The syntax for writing functions in R is very straightforward and there is little room for errors. If you know some of the most common functions in R like the apply family, you can create and customize a lot of functions.
In the first part of this function , we tell R that this is going to be a function be writing “function”. Then we add the arguments to the function viz., “x” and “y” within parentheses. Next, within the curly brackets we write the actual mechanics of the function. In this case we want to add x and y together. Let’s see how this function works.
x <- 2
y <- 4
functiona(x,y)
[1] 6
Above we showed a very simple example of a function in R. But you can do so much more with these functions. For example, if you have a template for ggplot, you can encase it within a function and then just change the name of the variables to get fresh outputs, without the need for copying and pasting.
Rows: 32
Columns: 11
$ mpg <dbl> 21.0, 21.0, 22.8, 21.4, 18.7, 18.1, 14.3, 24.4, 22.8, 1…
$ cyl <dbl> 6, 6, 4, 6, 8, 6, 8, 4, 4, 6, 6, 8, 8, 8, 8, 8, 8, 4, 4…
$ disp <dbl> 160.0, 160.0, 108.0, 258.0, 360.0, 225.0, 360.0, 146.7,…
$ hp <dbl> 110, 110, 93, 110, 175, 105, 245, 62, 95, 123, 123, 180…
$ drat <dbl> 3.90, 3.90, 3.85, 3.08, 3.15, 2.76, 3.21, 3.69, 3.92, 3…
$ wt <dbl> 2.620, 2.875, 2.320, 3.215, 3.440, 3.460, 3.570, 3.190,…
$ qsec <dbl> 16.46, 17.02, 18.61, 19.44, 17.02, 20.22, 15.84, 20.00,…
$ vs <dbl> 0, 0, 1, 1, 0, 1, 0, 1, 1, 1, 1, 0, 0, 0, 0, 0, 0, 1, 1…
$ am <dbl> 1, 1, 1, 0, 0, 0, 0, 0, 0, 0, 0, 0, 0, 0, 0, 0, 0, 1, 1…

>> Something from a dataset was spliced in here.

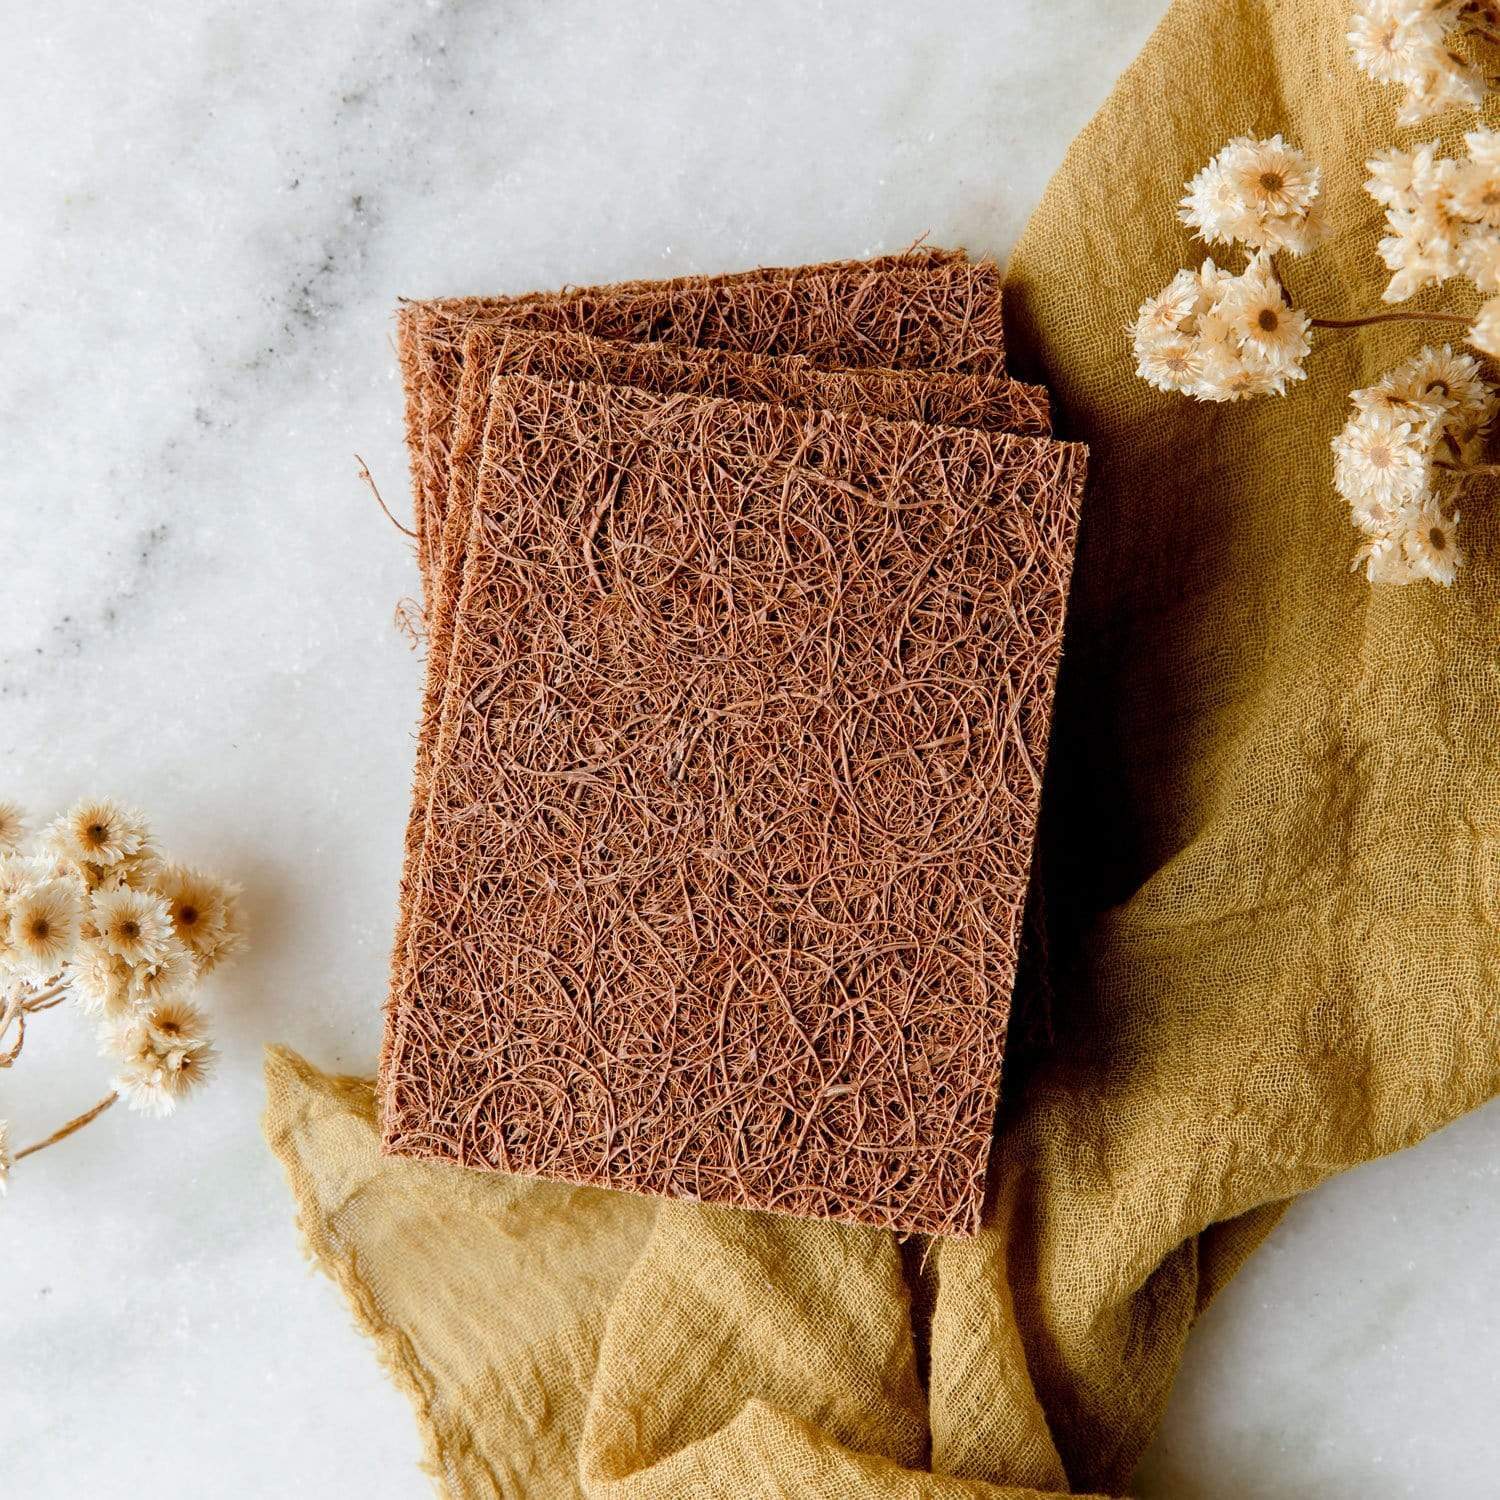 brown scrubby sponges made from coconut coir waste. Sitting on cloth on countertop

$ gear <dbl> 4, 4, 4, 3, 3, 3, 3, 4, 4, 4, 4, 3, 3, 3, 3, 3, 3, 4, 4…
$ carb <dbl> 4, 4, 1, 1, 2, 1, 4, 2, 2, 4, 4, 3, 3, 3, 4, 4, 4, 1, 2…
## Suppose you create a graph for cylinder count and mpg of cars using this data set
mtcars |>
ggplot(aes(x = disp, y = mpg)) +
geom_point(aes(color = wt, size = wt)) +
facet_wrap(~ cyl)+
theme(legend.position = "NULL")

Now that we have created this graph suppose we want to plot the relationship between horsepower and mpg in a similar fashion. One option is to write the samy syntax once more and then change the y value to “hp”. Or you can write a function to automate the process.
# So given the information you already have, the function will look like this
graph<- function(independent, dependent){
mtcars |>
ggplot(aes(x = independent, y = dependent)) +
geom_point(aes(color = wt, size = wt)) +
facet_wrap(~ cyl)+
theme(legend.position = "NULL")
}
# lets see if this works
graph(independent = disp,dependent = hp)
# We get an error out of this
Why didn’t this work? The answer lies in tidyeval. You see when you are calling variables within a function they should be within ellipsis or quotation marks. Since our function does not know where to look for the variables disp and mpg, it is not able to compute the function. So now we when we call the variables dependent and independent within the function syntax, we will wrap them in double curly brackets. This will ensure that the variables are treated as variables and the function should work.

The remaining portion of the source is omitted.